Özgürlük dediğin bir yol, sahipsiz kaldığın, temelsiz, köksüz. Aklına takılan bir mesele hakkında düşünürken, yorgun düşüp uykuya daldığın bir düş. Tam uykudan uyandığında sap gibi kaldığın ara basamak.

Birinin sorduğu soruya, kafanı sallayıp cevap verirken yüzünde beliren anlık sırıtış. Sensiz bir gülüş. Sensiz bir boyun. Sensiz bir dünya.
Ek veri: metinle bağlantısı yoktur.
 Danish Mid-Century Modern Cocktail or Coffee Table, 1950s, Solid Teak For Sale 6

Alis'in o gıcık kedisi işte özgürlük.

Ancak elimizdeki herşeyi kaybettiğimizde kendimizi bulabileceğimiz, kendimizi yoklukta aradığımız bir düş. Bunu ancak düşçüler anlar. Rüya sonrası uyanamayanlar. Her bir adımda bir bilinmeyene çarparak zenginleşecegi umudu ve dürtüsüyle soluk alabilenler. Bu susuzlukta boyuna kürek sallayanlar. Bir sözcüğe aklını takıp çıldıranlar. Acıya, ayrılığa, kahrolmaya gülenler.
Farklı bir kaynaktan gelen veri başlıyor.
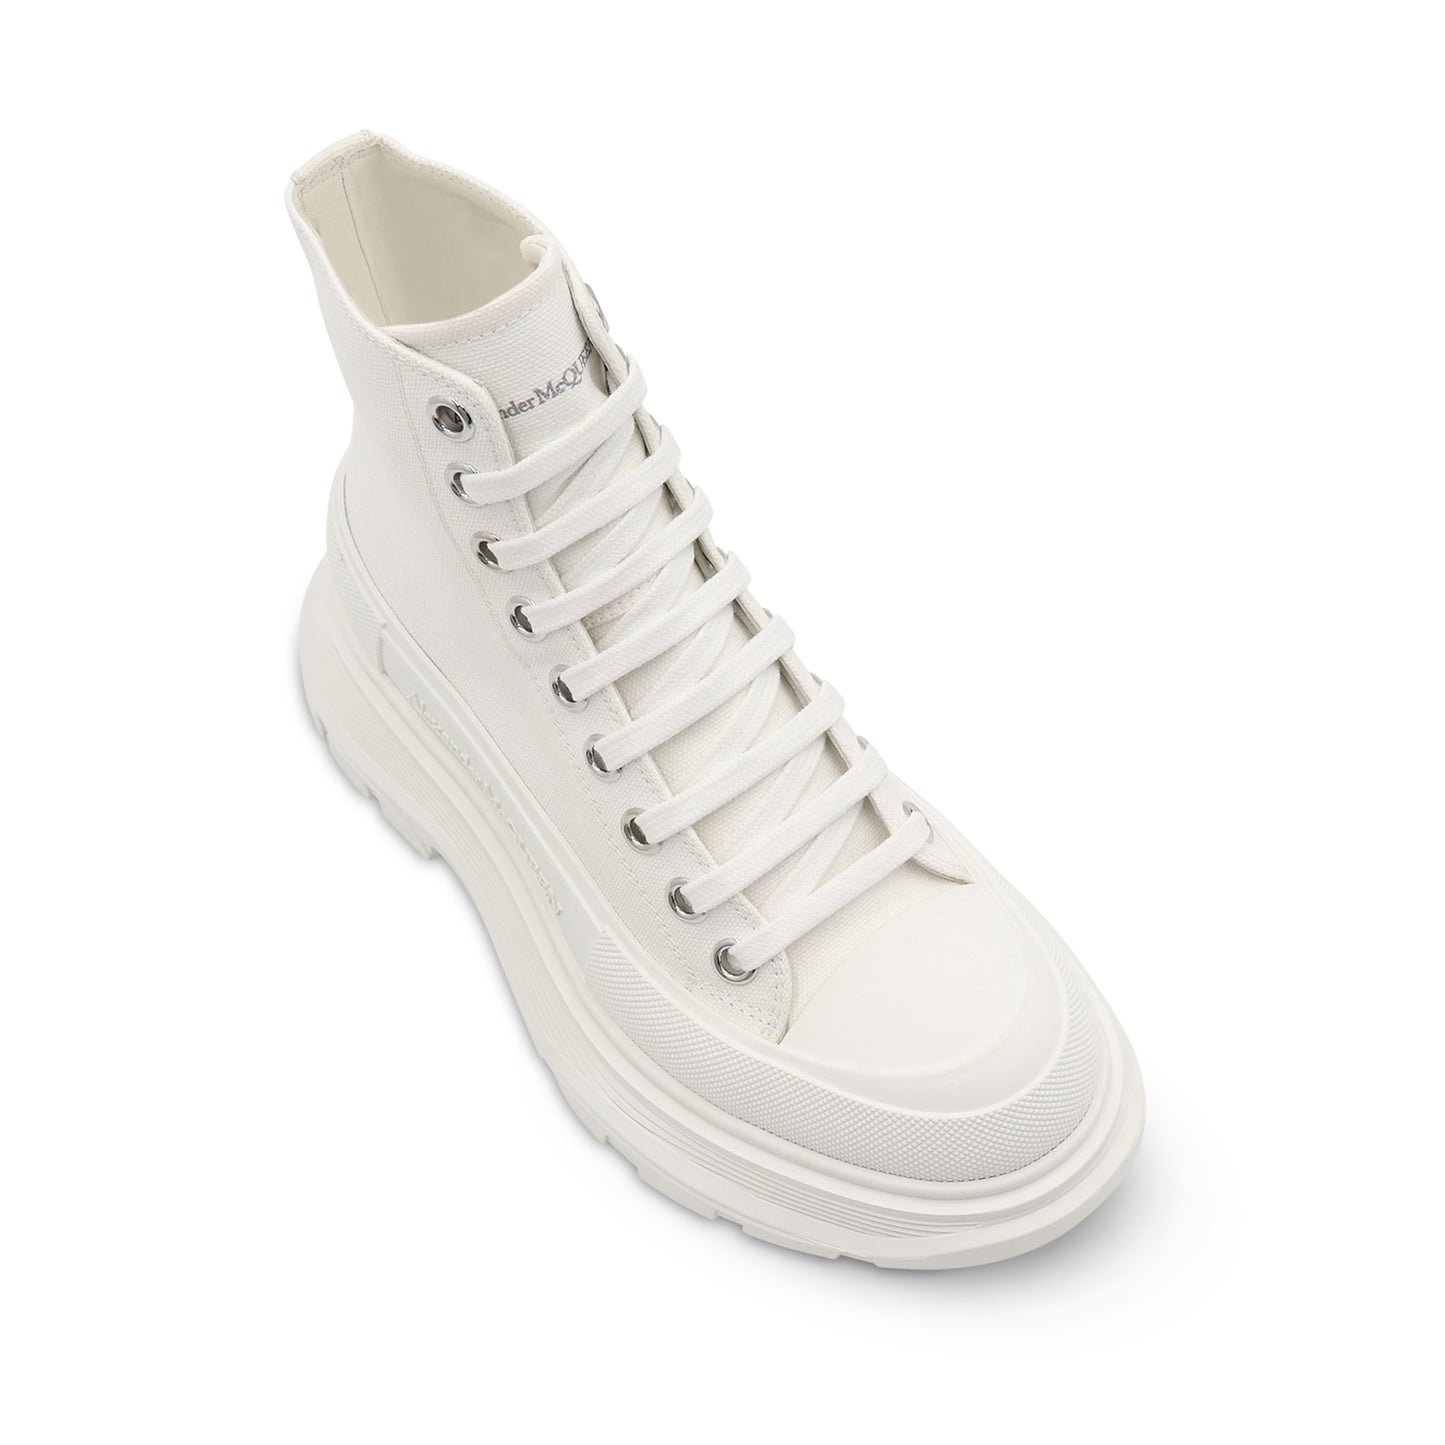 Tread Slick Canvas Lace-Up Boots in White

Paranoya aslında herşey. Kendinden asla emin olamama. Kendinle asla çakışamama. Asla dediğine inanmama. Ama günü gelince kendinden çok ötekine inanabilme. Yağmur yağınca etrafına çamur sıçratabilme, arkadaşın sosisli yerken kurşun kalemin sıfırnoktayedimilimetrelik ucunu sosisin ortasına batırıp gıcıklığın üst mertebelerine erişebilme, o an arkadaşın yüzünü buruştururken, birden üstünüzden bir ütü geçmişçesine dakkalarca histerik histerik gülebilme birlikte. Birlikte, aslında bir parodi herşey.

ground zero

"Geleceğim bazen, uykudayken sen
Beklenmedik uzak bir konuk gibi
Sokakta bir başıma koyma beni
Kapıyı sürgüleme üstümden"

diyormuş Bulgar şair, kurşuna dizilmeden önce karısına yazdığı şiirde. Yıllar yıllar önce Grup Ekin'den duymuştum... O zaman severek dinlerdim bu sözleri... İster duygusuz diyin, ister başka şey, keyfiniz bilir ama işte şimdi o etkiyi hiç alamıyorum.
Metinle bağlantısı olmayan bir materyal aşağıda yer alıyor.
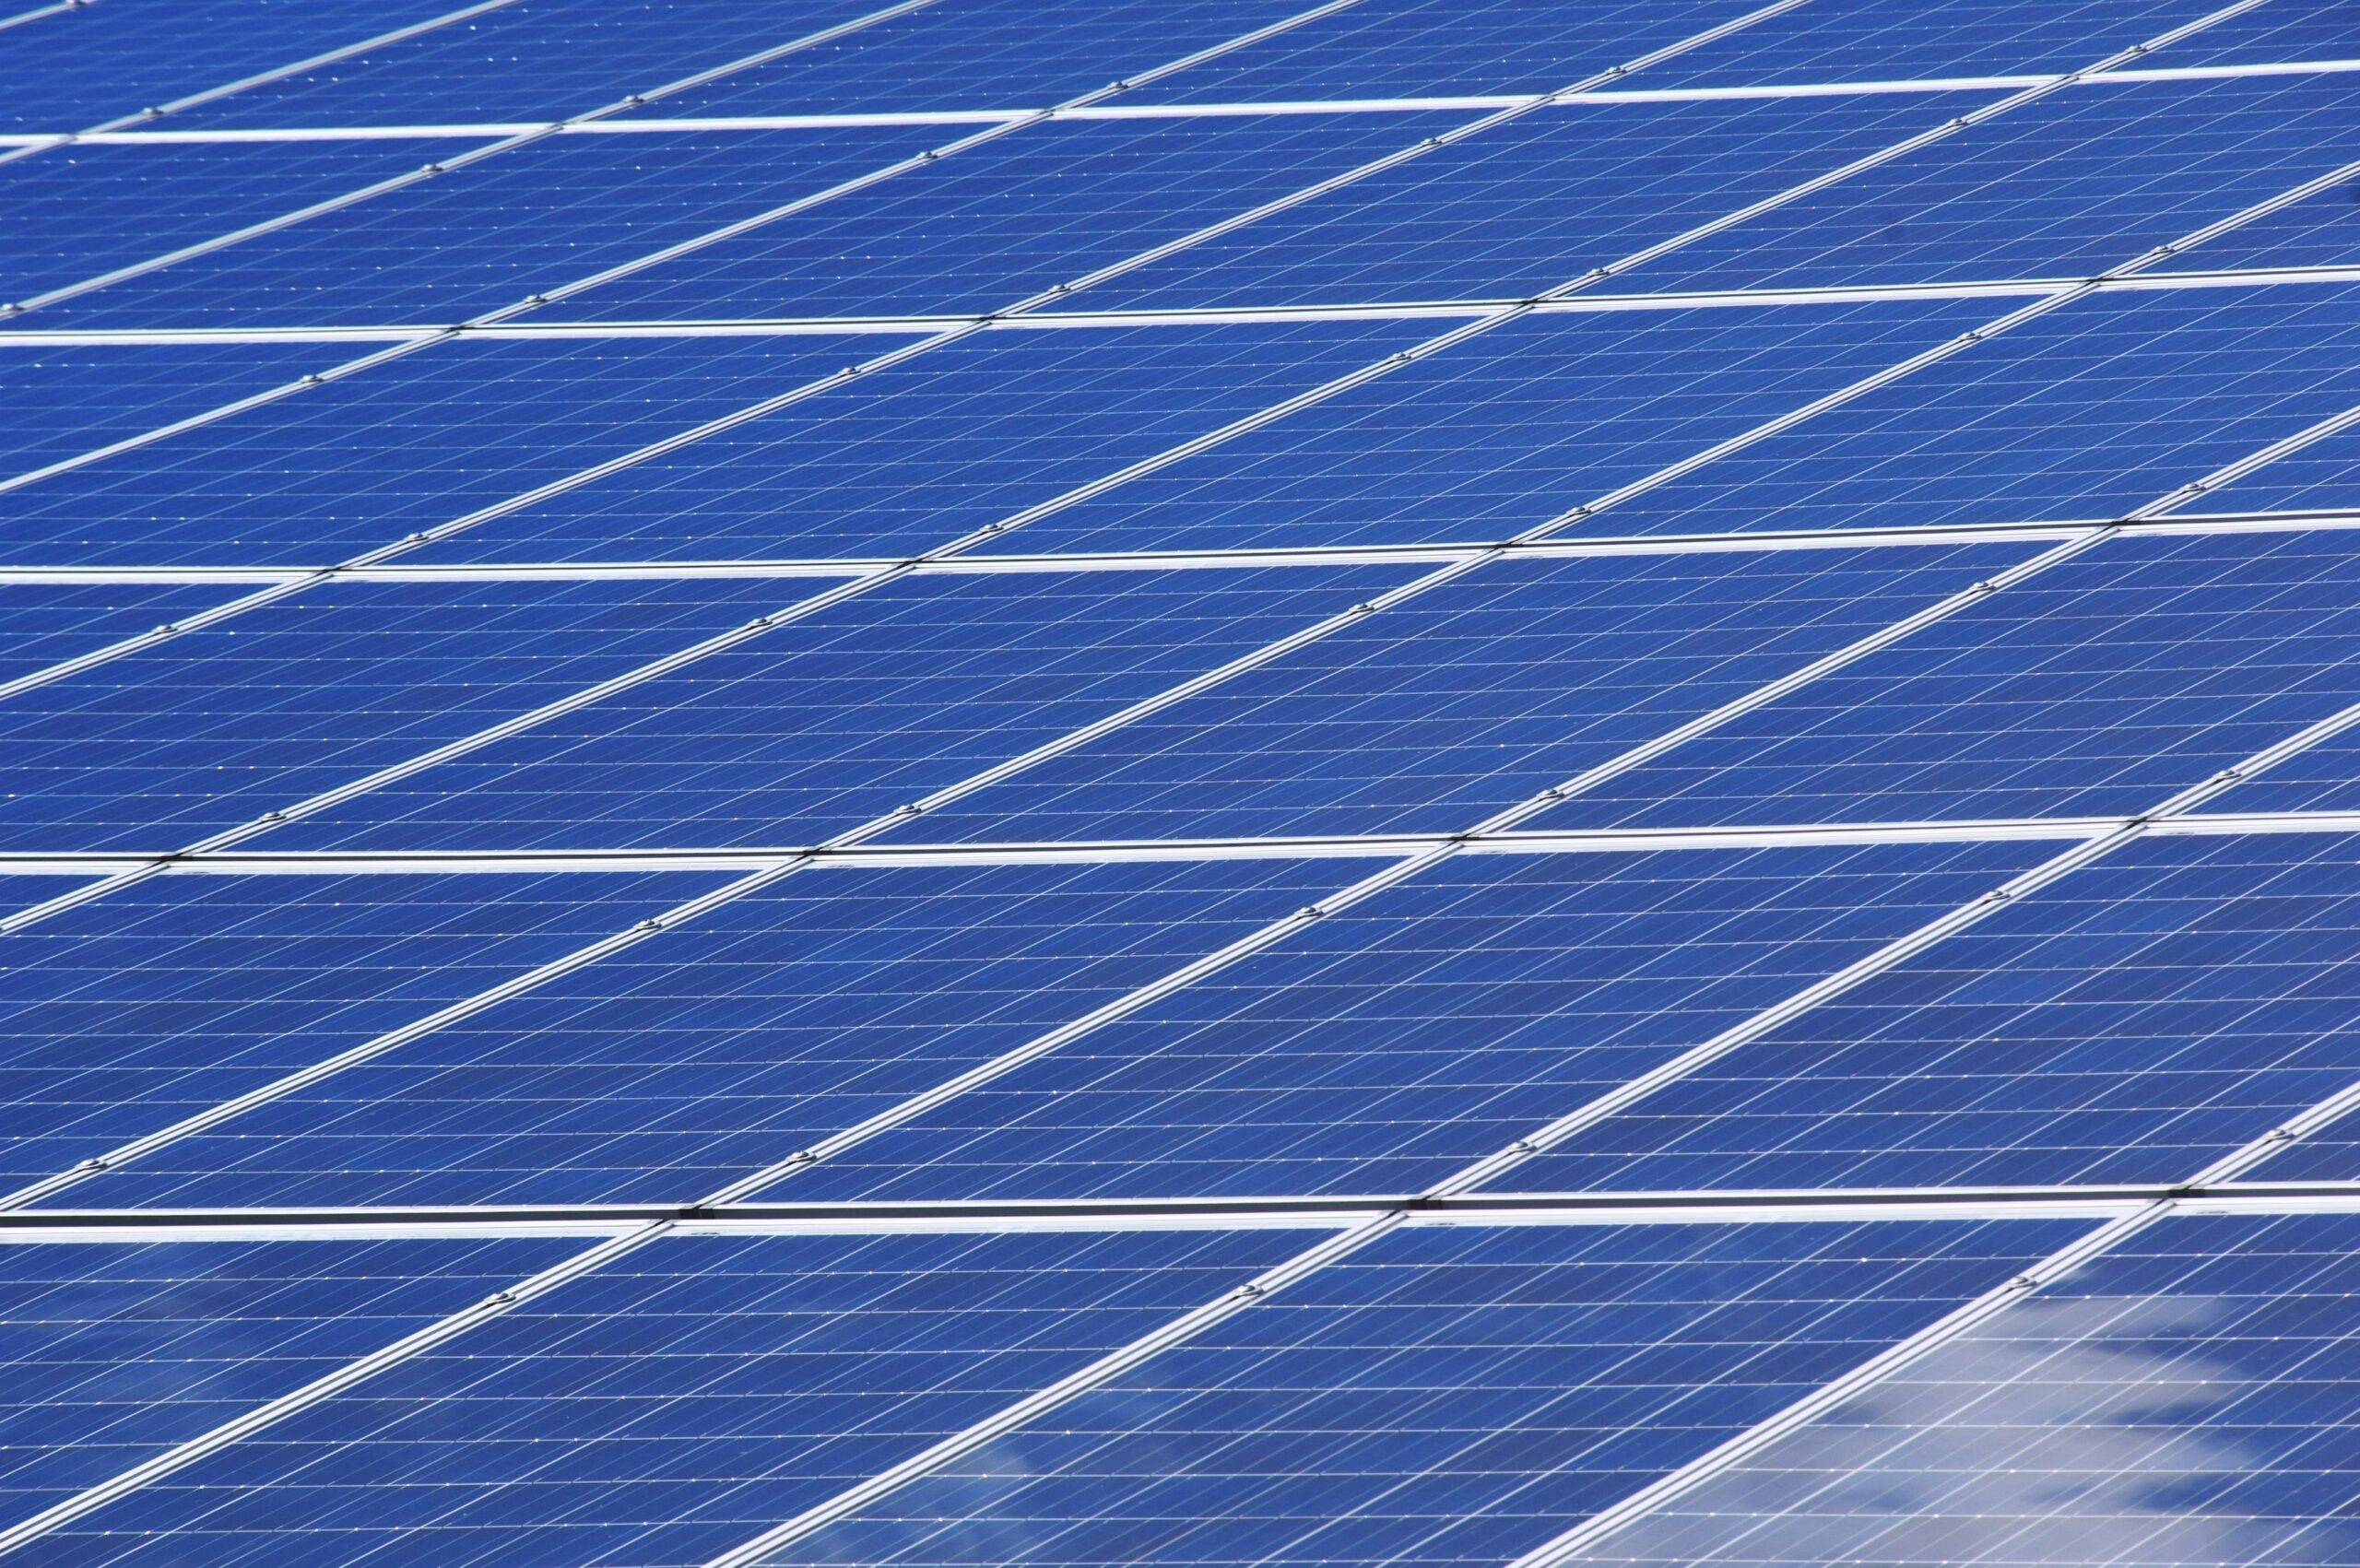 Close-up of a solar panel in a community array, showing the textured surface of individual photovoltaic cells.

Artık sadece her'şey'in değil ama aynı zamanda her'kimse'nin markalaştığı, ticarileştiği, satıldığı, kiralandığı, pazarlandığı bu zamanlarda şairin bunları yazmaya hakkı var mıdır?

Sokakta bir başına bırakılmışız işte, bunu kabul ederek başlasak herşeye, sıfır noktasından?